:: TASK TO COMPLETE ::
Give back every line of the material exactly. Skip the pictures.

:: INFORMATION SUPPLIED ::
....
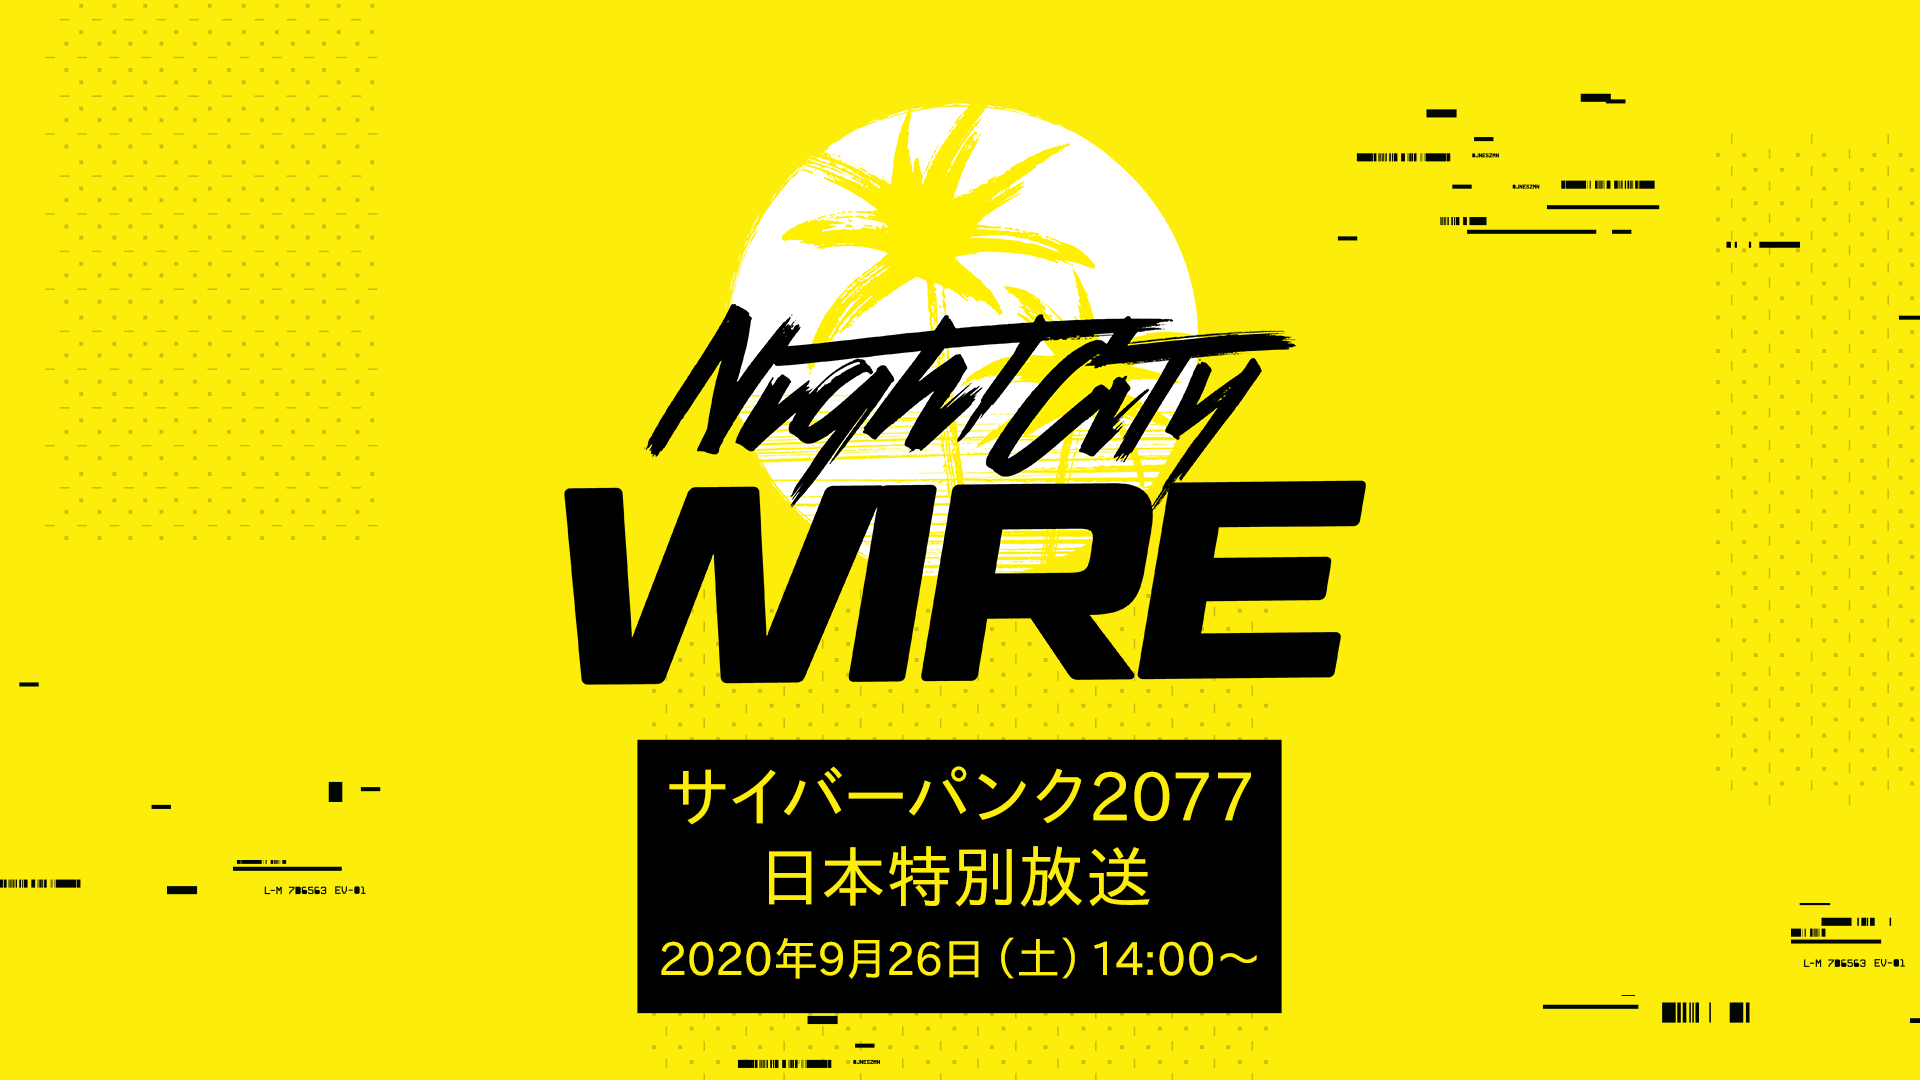 Tgs オンライン 内で日本だけの特別な Night City Wire が9月26日14時より放送 2bro のおついちさんがゲスト出演 Tgs Thumbnail
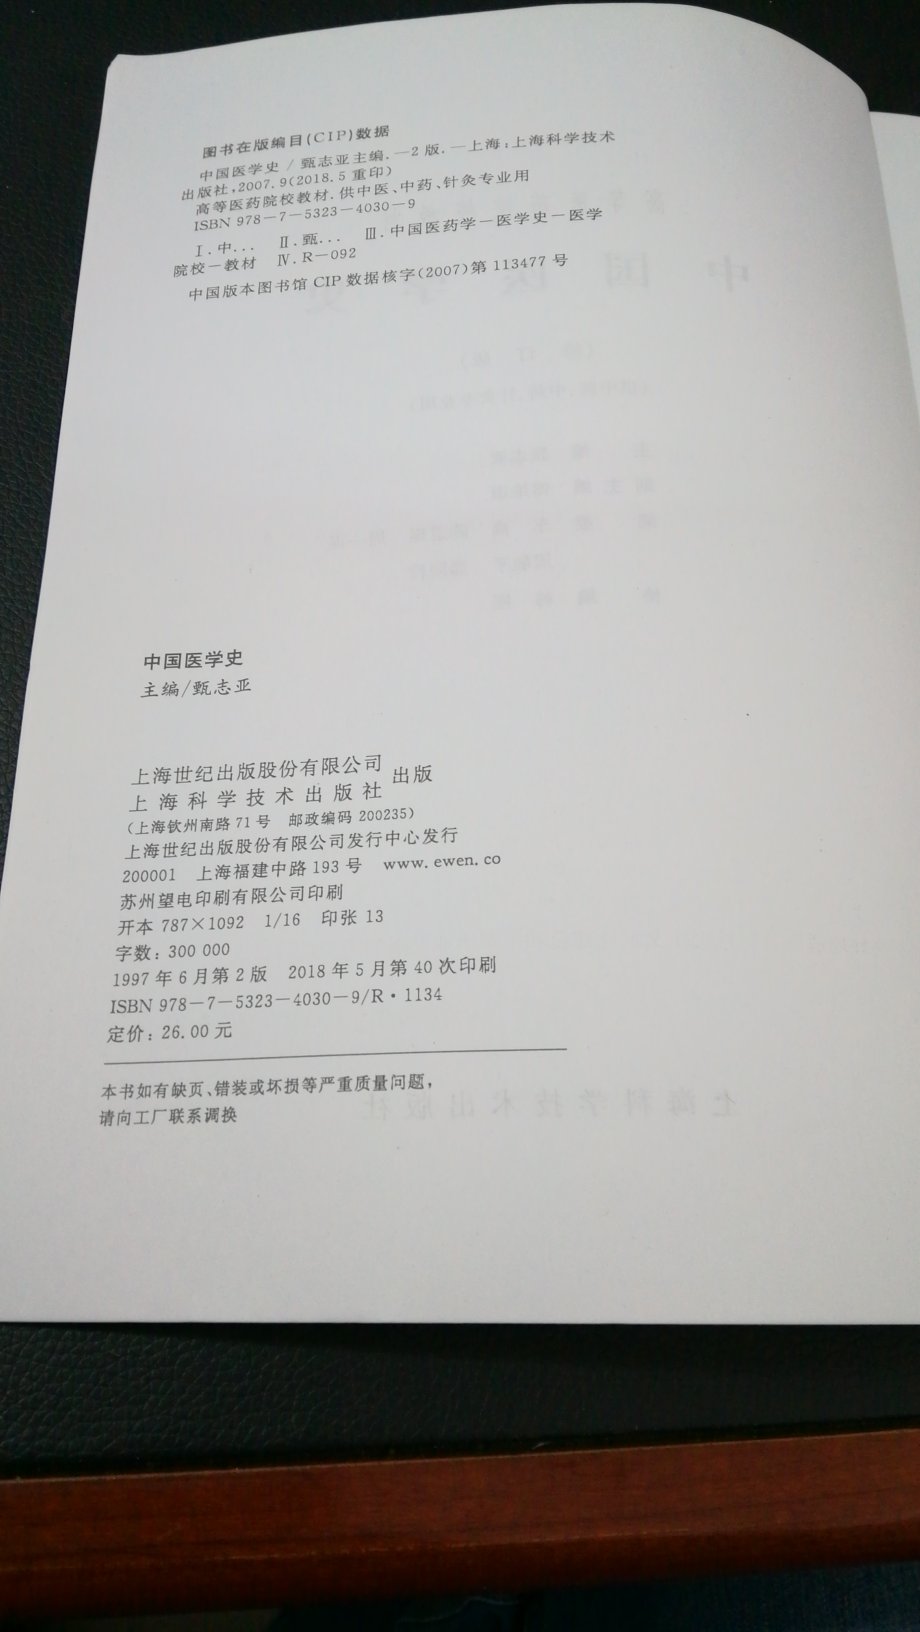 《中国医学史》1997年修订版，资料截止1996年。排版紧凑，字体较小。
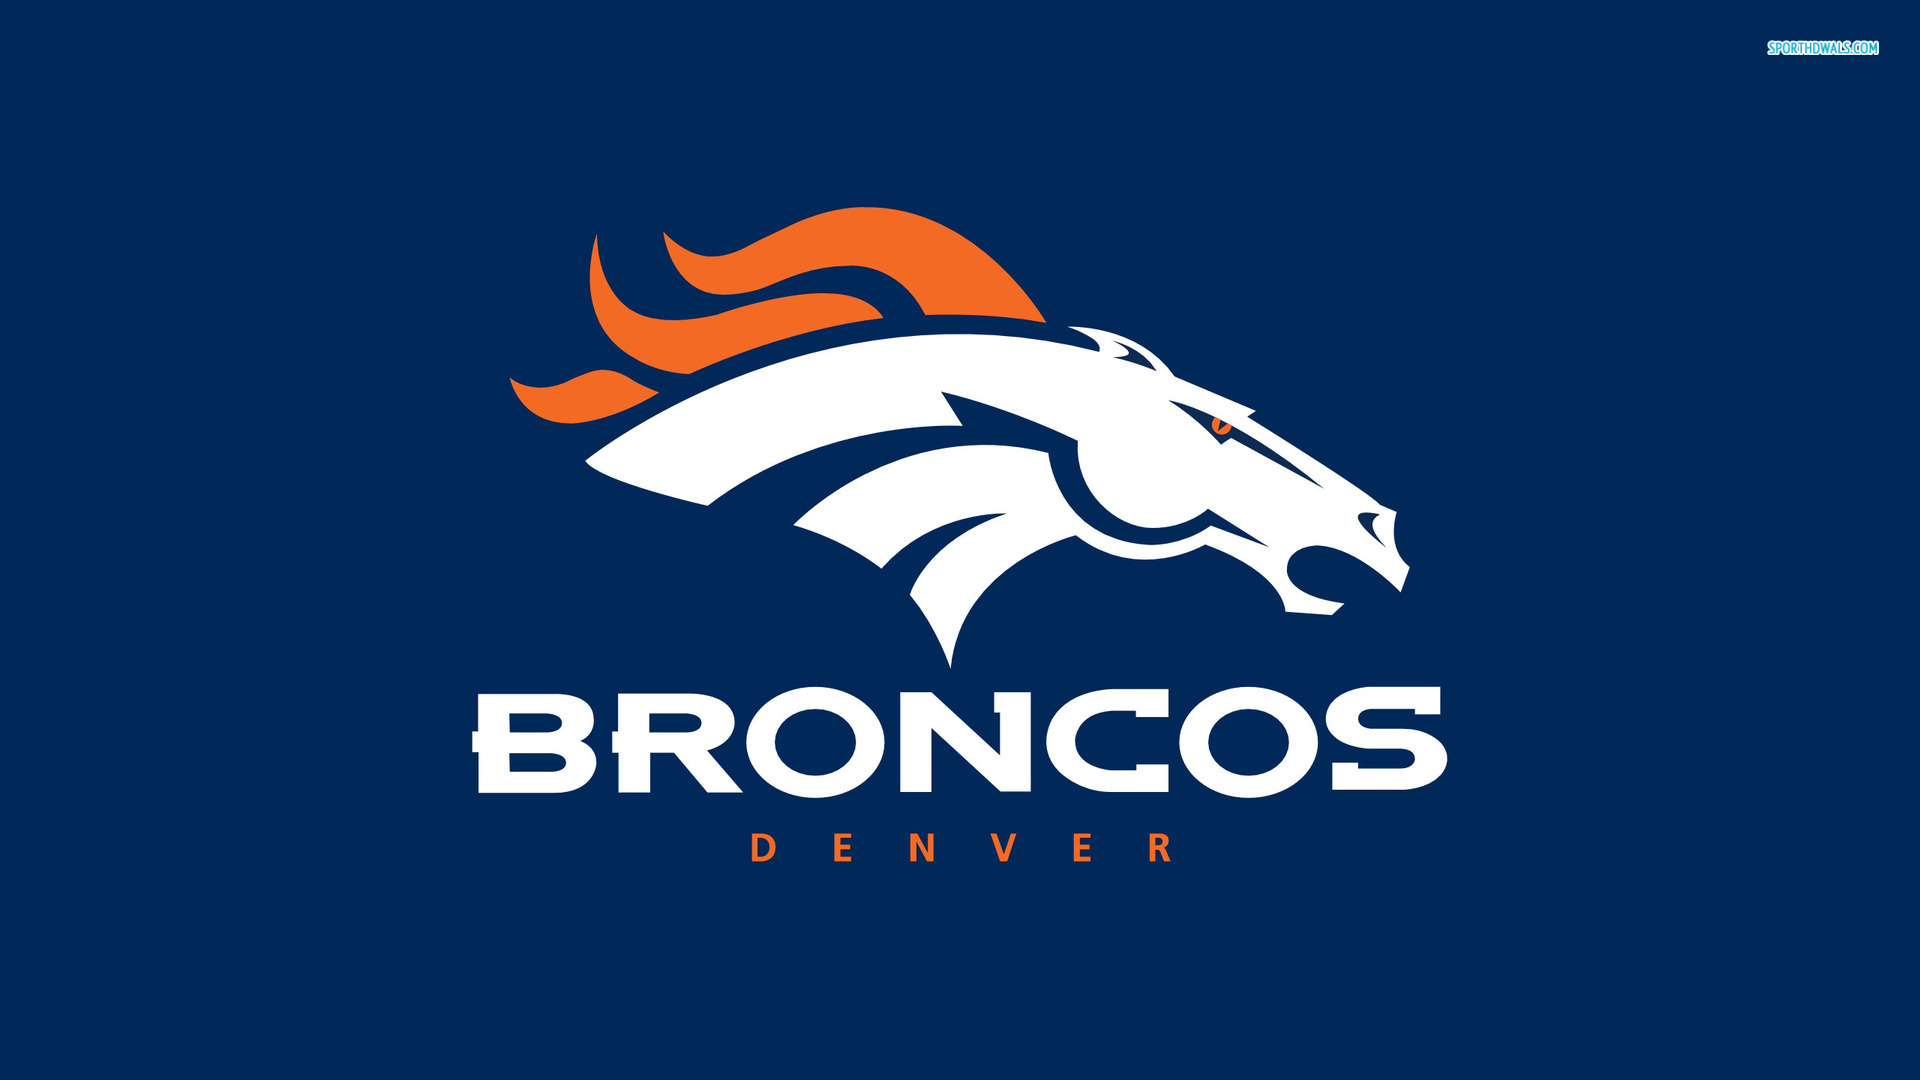  Denver Broncos wallpaper desktop background Denver Broncos
....
:: ANSWER SECTION ::
 Tgs オンライン 内で日本だけの特別な Night City Wire が9月26日14時より放送 2bro のおついちさんがゲスト出演 Tgs Thumbnail
 《中国医学史》1997年修订版，资料截止1996年。排版紧凑，字体较小。
  Denver Broncos wallpaper desktop background Denver Broncos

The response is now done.